Что-то случилось, и я растерялся, не зная, как справиться с бедой, смысла которой не понимал.
Я прислушался, но звуки, доносившиеся в номер, ни о чём не говорили, стены тут не отличались толщиной, зато и плату брали умеренную. В ванной комнате ощущалось лишь присутствие жизни, но расшифровать шорохи я не смог, тихо постучал в дверь, спросил робко:
— Даниель, у тебя всё хорошо?
Она помедлила, прежде чем ответить и голос прозвучал совершенно ровно, но ни слова, ни интонации меня не обманули.
— Нормально. Сейчас выйду, извини, что заняла помещение.
Она действительно появилась через минуту, но меня сейчас совершенно не интересовало утреннее купание. Я поймал Даниель за плечи и развернул лицом к себе.

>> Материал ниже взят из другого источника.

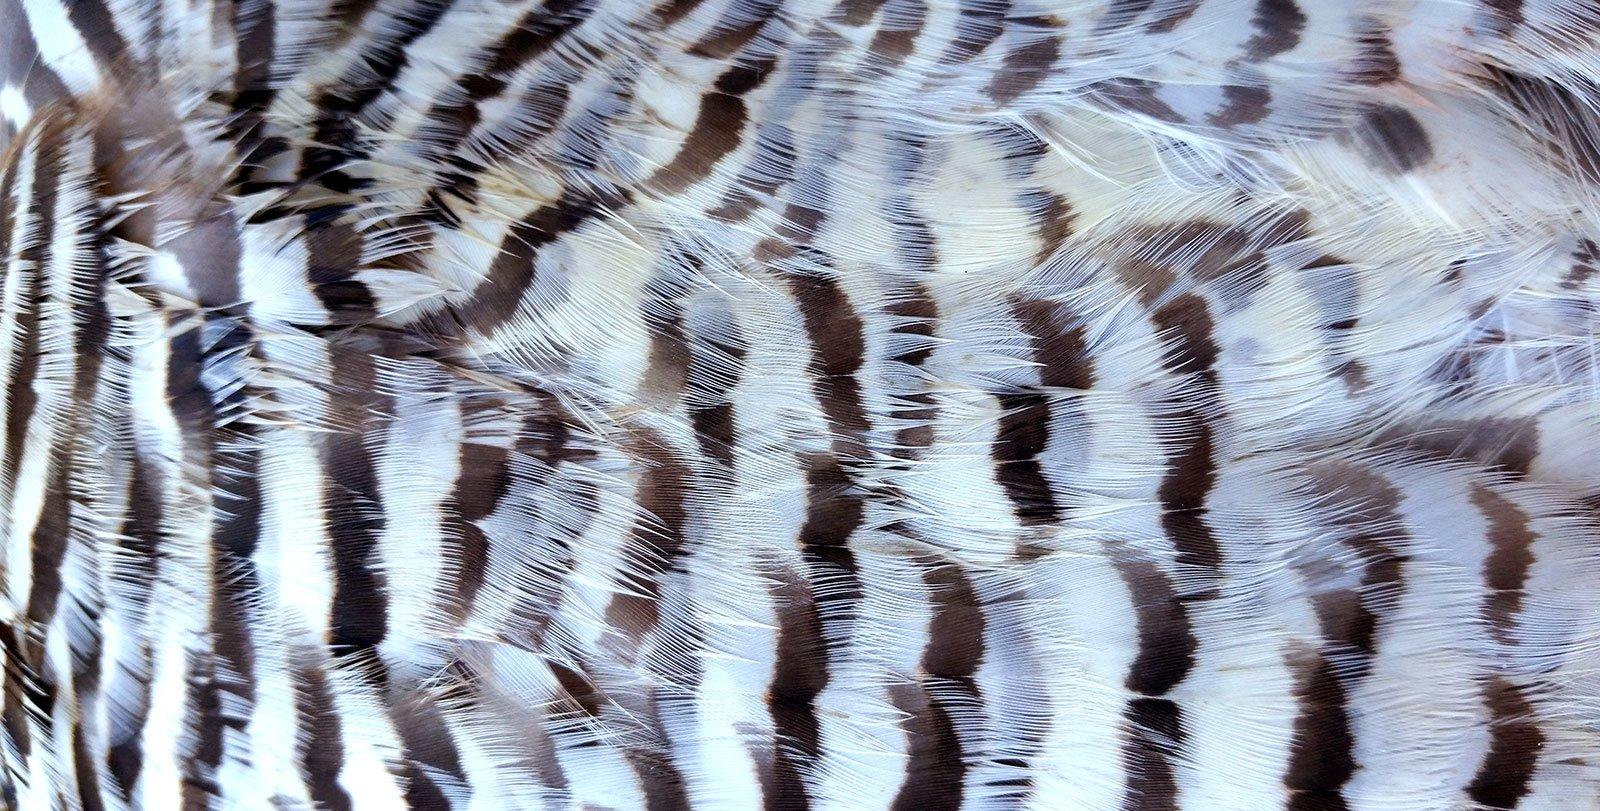 prairie chicken feathers

— А ну стой! Что случилось?
Она молчала, пытаясь совладать с терзающей нутро болью. Я чувствовал эту муку собственными потрохами, но не понимал её сути и потому испугался не на шутку. Застывшее лицо, сосредоточенный взгляд. Не физическое страдание — тело достаточно расслаблено — подругу донимал душевный разлад. Беды или вины поедали изнутри. Неужели Шон до такой степени выбил из колеи мою отважную сотрудницу?
Дальше я действовал, повинуясь инстинкту, природы которого сам не ведал. Обнял Даниель, то ли стараясь успокоить, то ли стремясь оттянуть на себя часть её боли. Не знаю. Сам неимоверно удивился и ожидал, что меня с возмущением оттолкнут, но вместо этого она неуловимо расслабилась и разрыдалась, уткнувшись носом в моё плечо.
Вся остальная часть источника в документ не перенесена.